In the following article from The Malta Independent, Adele Muscat from the Malta Olympic Committee focuses on sports psychology in today’s top-level sport.

Most of us remember when our mental state interfered with a good performance. It might have been excessive anxiety in a school exam or meeting a person you wanted to impress. For an athlete, this might occur in an important competition……

At times I ask athletes what causes their performances to vary so much – is it differences in their physical condition or in their mental condition? Most will attribute the differences in performance to the variations in their mental condition after eliminating health problems and factors outside their control.

Despite recognising this is so, most athletes spend much less time, if any, on perfecting their mental skills than on their physical training. Why? Most athletes and coaches would give the following reasons:

• Physical training takes enough time already; I can’t add more to my training day.

• It’s easy to see when I’m improving with a physical skill, but harder to measure when I’m improving on my mental skills.

• I don’t know how to practise my mental skills.

Mental training covers a variety of skills. The most obvious is the mental state in competition – being able to get into what athletes call “the zone”. This is the feeling that you are at the peak of your ability, where performance is at its best. Getting into the zone is often seen as a chance happening but skill in controlling both relaxation and arousal – factors important in playing in the zone – is more subject to training than we often realise.

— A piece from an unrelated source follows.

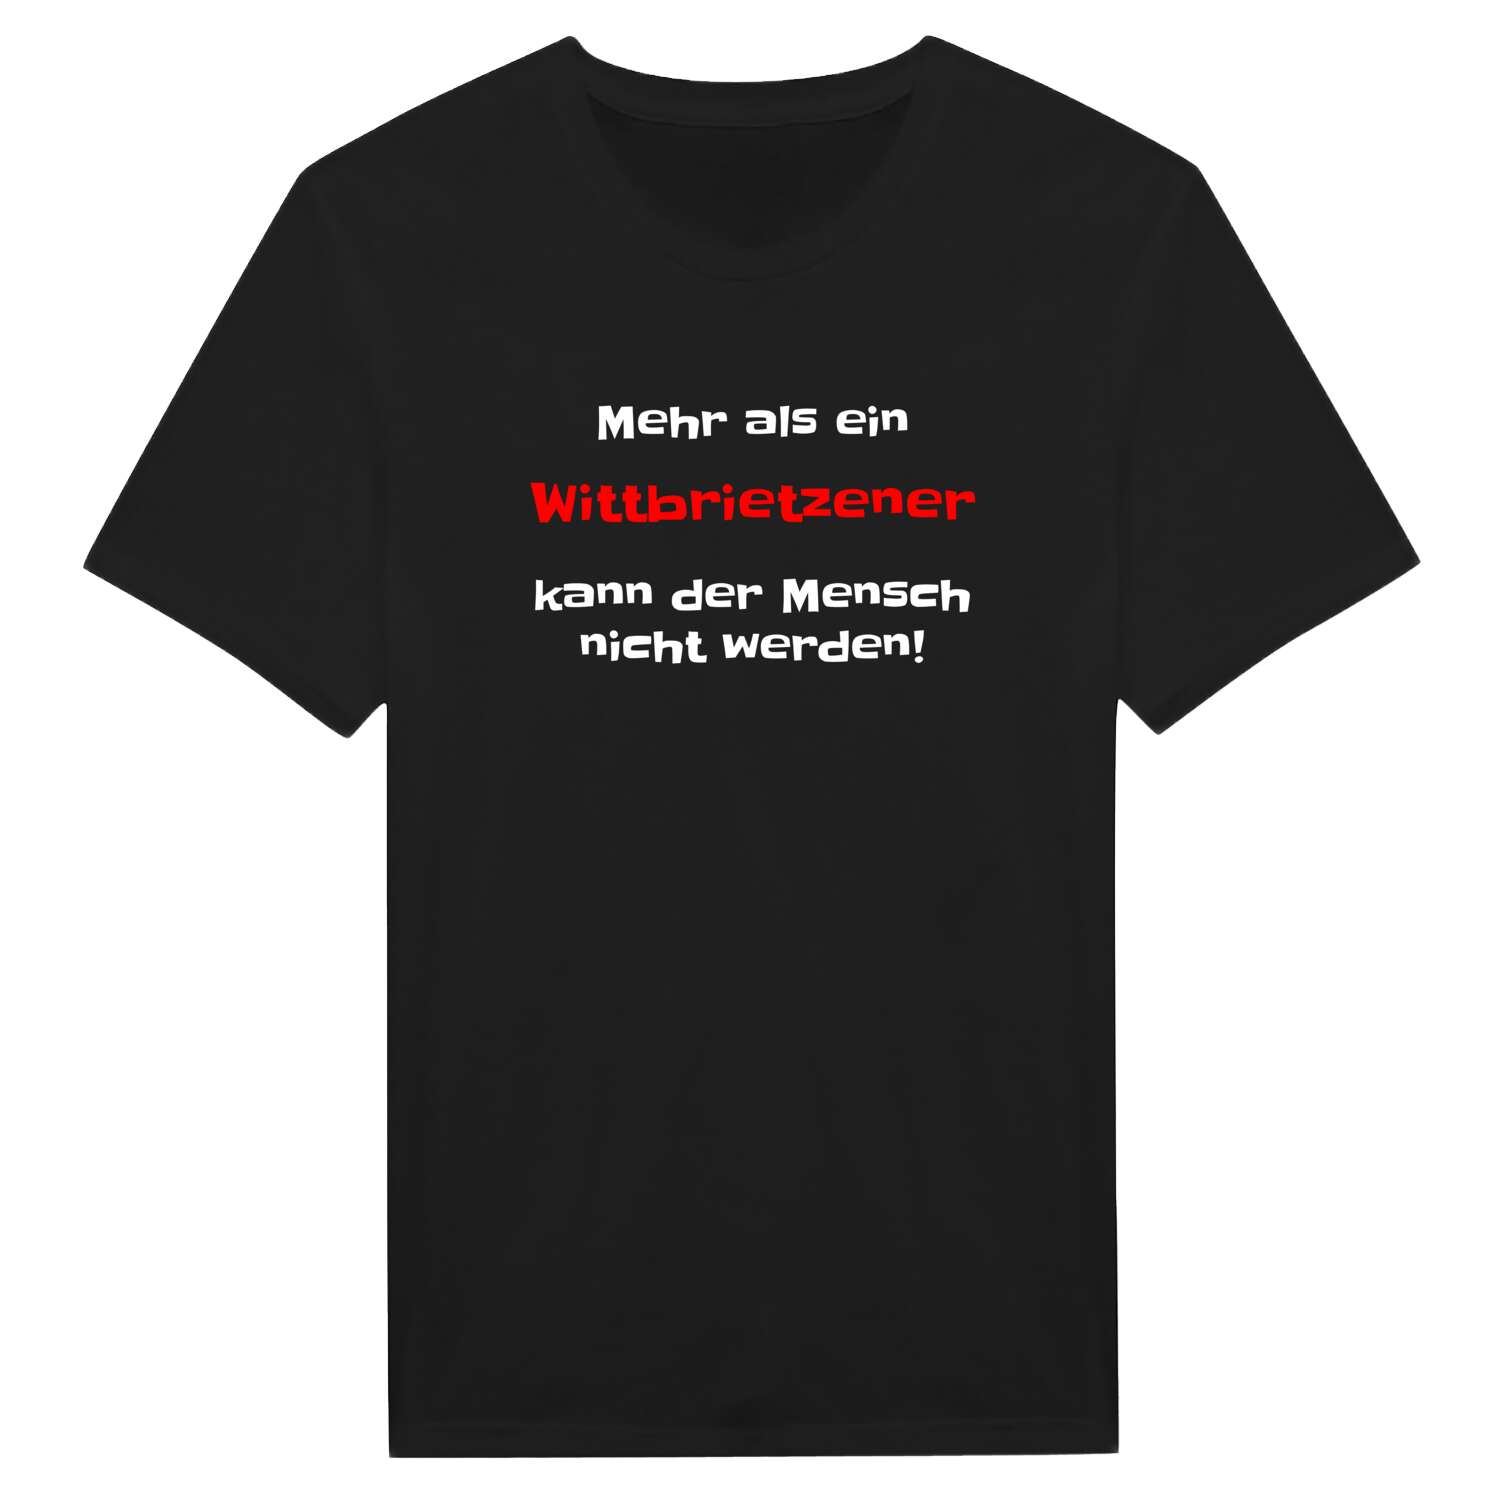 Wittbrietzen T-Shirt »Mehr als ein«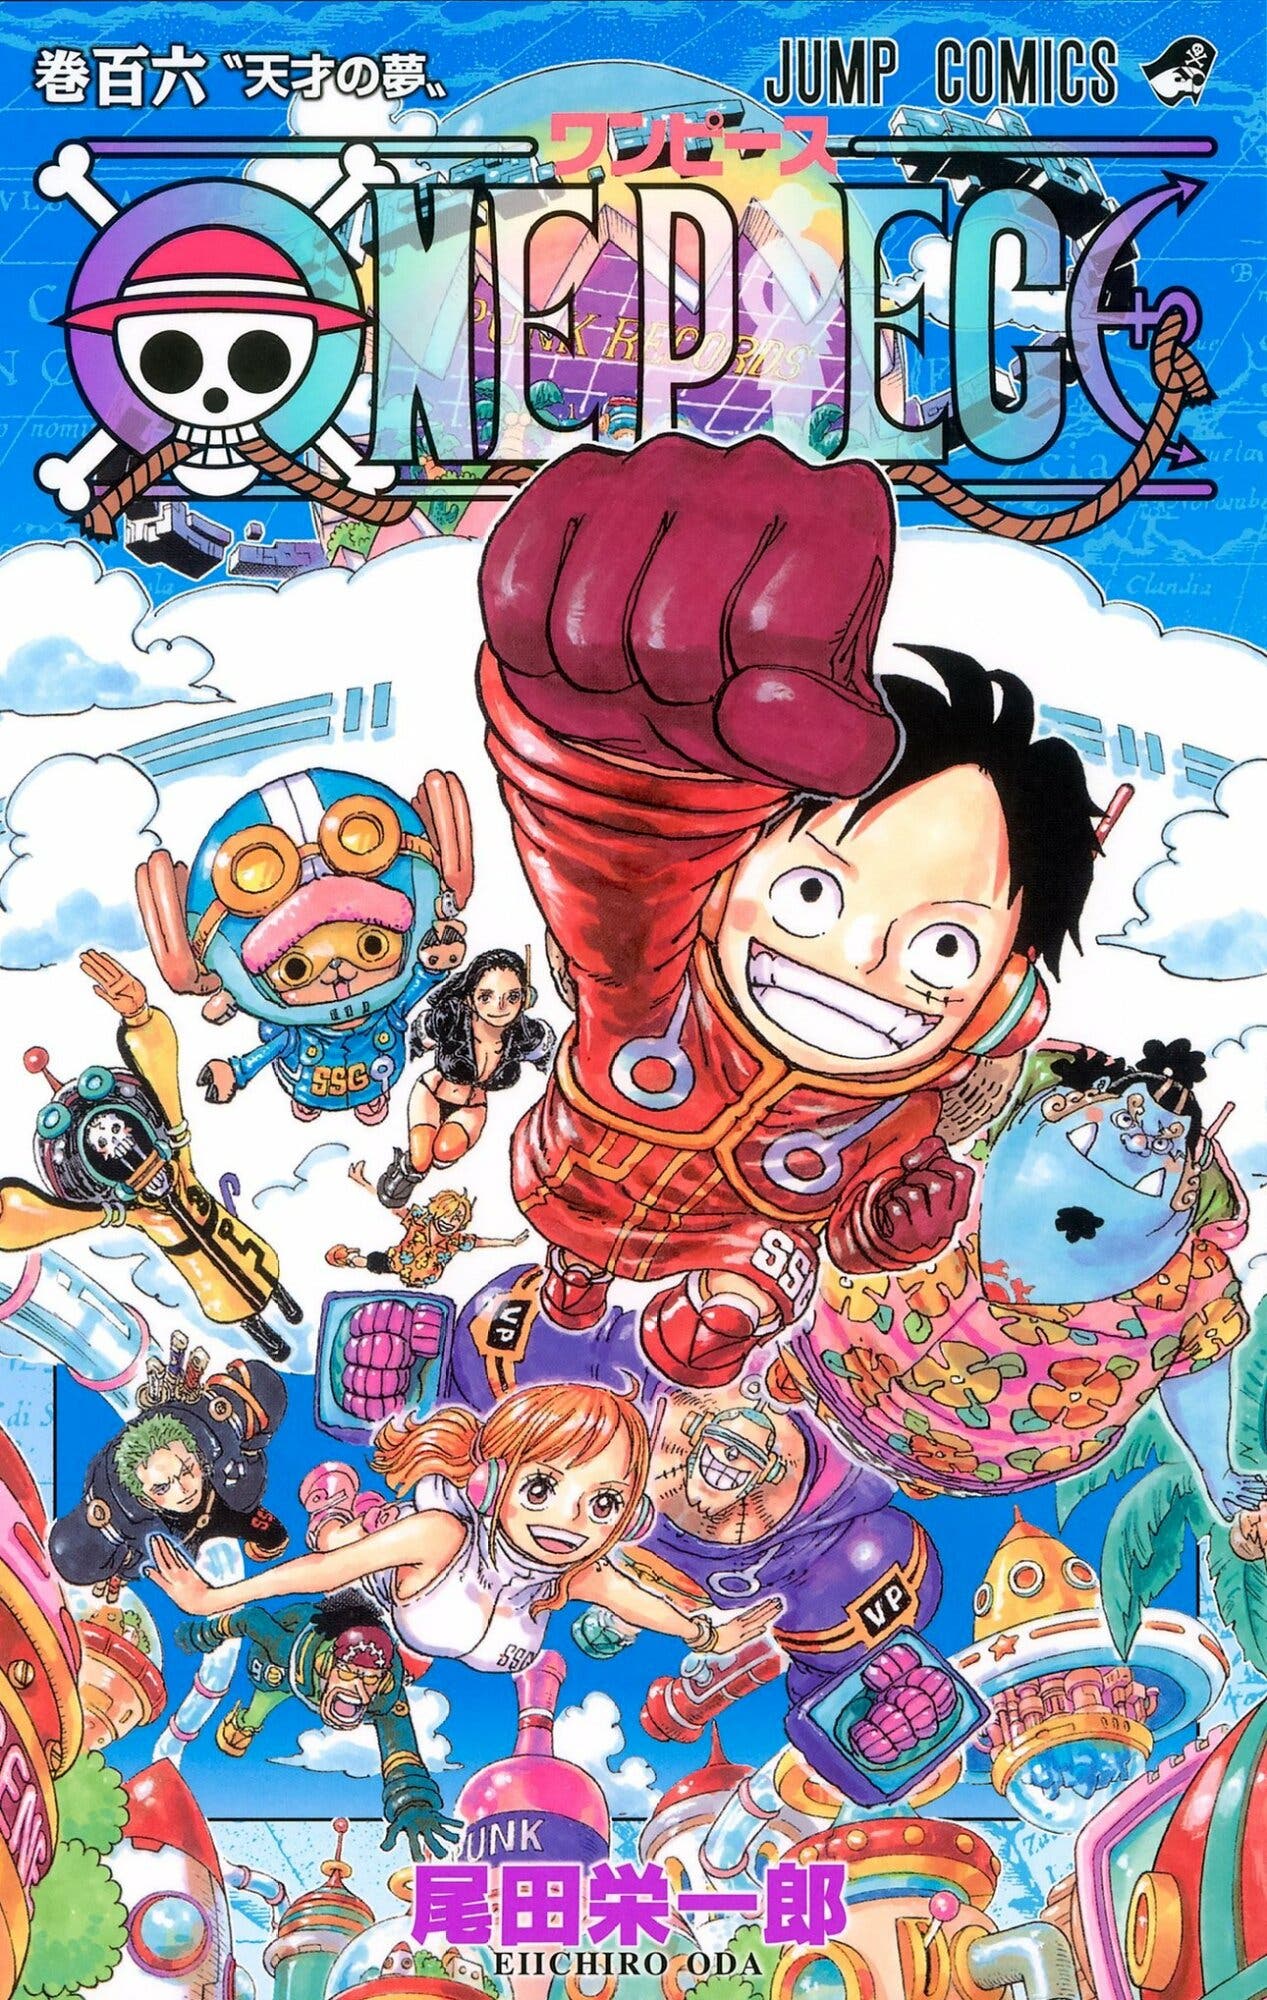 Maracanaú transmite episódio 1071 da série One Piece

Mental training is not restricted to how you perform in competition, but includes several other areas such as learning to gain the maximum from practice sessions.

Mental training helps you learn techniques more effectively and develop strength more rapidly. Learning to focus appropriately, to block out the irrelevant is important both in training and competition. Imagery, learning to practise physical skills mentally helps develop confidence and also the physical skill itself. Mental training also involves dealing effectively with pain and healing. Considerable evidence suggests that an appropriate mental attitude can speed recovery and minimise the frustration of injuries and other performance setbacks.

A sport psychologist is trained to develop these mental skills in athletes. Coaches too are and have long been adept at developing these skills in their team members but increasingly, sport psychologists are included as members of the training teams.

As a sport psychologist, it is important not to assume the role of the coach. When I work with an athlete, I am not teaching the physical techniques of a sport. I am concerned only with developing the appropriate mental attitudes and skills to enable the athlete to practise and to perform at his/her best. I feel it is important to work closely with that athlete’s coach so the coach understands and has an appropriate input for any work I do with the athlete. The two must be complementary in order to be optimally effective.

One of the issues I focus on with athletes is that until they have consistent control of their thoughts and imagination (self-talk and imagery), they will not have consistent control of their behaviour. Sport psychology is all about gaining consistent control of behaviour in the demanding environment of sport.

This demanding environment, especially in top-level competition such as the Commonwealths and the Olympics, creates the need for athletes to increase awareness and control of their thought processes because their athletic performance resulting from these thoughts is measured so precisely.

Big events such as the Commonwealths seem to have their own rules. Increased pressure, media attention and performance consequences are combined with different schedules, logistical challenges and nerves.

Athletes and coaches who are normally in control, suddenly don’t remain so. The coaches and officials really need to make the effort to remain calm at such big events as their behaviour will have a big influence on the athletes’ emotions and consequently their performance.

Younger team members, especially those who are attending such an event for the first time, initially tend to get quite distracted so they need to prepare themselves beforehand for the environment they will find themselves in.

Athletes attending a big event need to set limits for themselves. One needs to consider the pre-event and post-event periods as two completely different situations that require different sets of behaviour.

By setting specific post-event dates for socialising, attending other events, sightseeing, etc, the athlete can then declare the pre-event time period off-limits to distractions.

At such a big event, you cannot afford to worry about failure. You need to go for it even more than at other events. Athletes who go into events trying to defend themselves against mistakes make the biggest mistake of all. They change what they normally do and take themselves out of their preferred performance state.

The same is true of coaches and officials. It is easy to get worried about the errors you want to prevent and you start to become defensive, negative and doubtful. Athletes pick up on that. It can be contagious. You need to focus on your strengths, on what you need to do to perform well and how to stay positive and confident.

It is normal to feel worried and have doubts so don’t worry about worrying!

Reduce your stress by keeping a sense of humour, talk to people who will understand what you’re going through, trust your plans, plan well and stay flexible.

Think of the things you can control rather than those you can’t. And enjoy it!